MATERIALS AND METHODS
We designed a retrospective cohort study of all cephalic, live, singleton births to women who delivered at the University of California, San Francisco between 1976 and 2008. The Committee on Human Research at University of California, San Francisco approved the study. The exclusion criteria were no labor, multifetal gestations, noncephalic presentation, placenta previa, intrauterine fetal demise, or known lethal congenital anomalies. We also excluded women who delivered during the first stage of labor by cesarean and therefore would have had a second stage of labor length of 0 minutes. Additionally, we excluded women with missing or incomplete information about the duration of second stage of labor. There were 53,682 singleton births that were delivered during the study period and 48,474 (90.3%) had labor. Of these, 1,225 women (2.5%) had missing information about length of second stage of labor. All deliveries at this academic institution were performed by the attending physicians, clinical nurse midwives, or resident physicians with supervision of either an attending physician or a clinical nurse midwife. The number of deliveries remained stable during the study period, ranging between 1,400 and 1,800 deliveries per year. Of the women who met study inclusion or exclusion criteria who delivered by cesarean, approximately 60% of those cesarean deliveries were performed for arrest of descent, another 12% were performed for fetal intolerance of labor, and 11% were performed for failed forceps or vacuum-assisted vaginal delivery.
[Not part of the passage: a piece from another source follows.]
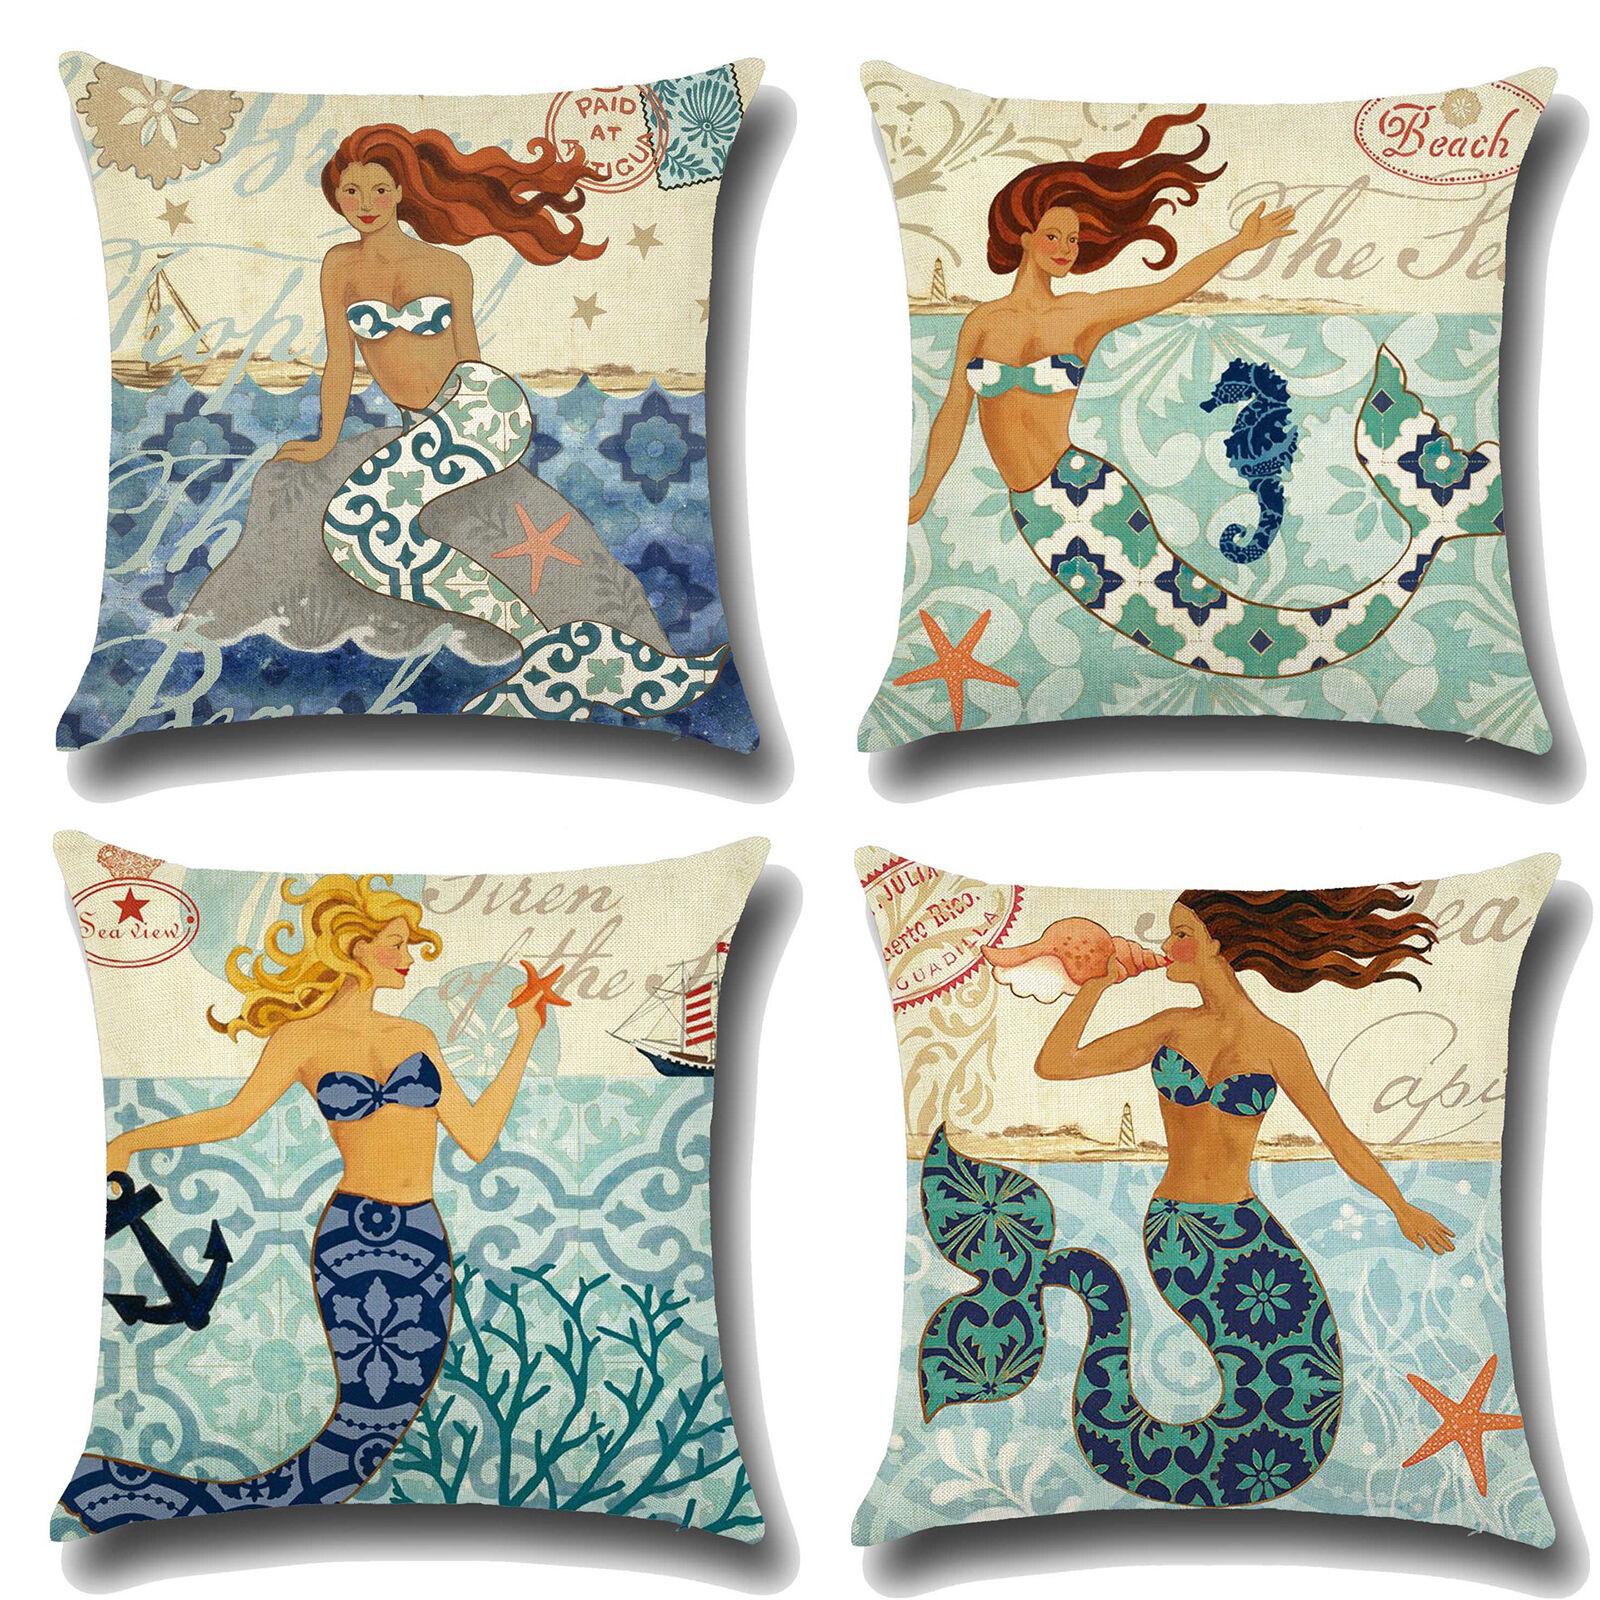 Home Decor Soft Cushion Cover Pillow Mermaid  Cotton Linen Sofa Car Pillow Case

The maternal characteristics and labor information were prospectively collected by the managing physicians of the labor and delivery unit. Neonatal information was similarly collected by neonatologists and pediatricians using a neonatal database. The maternal and neonatal databases were then linked using two unique identifiers and cross-checked for complete linkage. Additionally, trained abstractors performed daily chart review and data abstraction to ensure information accuracy and to minimize missing data. The database also underwent monthly review by trained physicians for quality assurance. The database was created in 1976, and detailed perinatal and labor information continued to be prospectively collected and maintained during the entire study period and is ongoing. The length of second stage of labor was defined as time interval between complete cervical dilation to delivery of the fetus.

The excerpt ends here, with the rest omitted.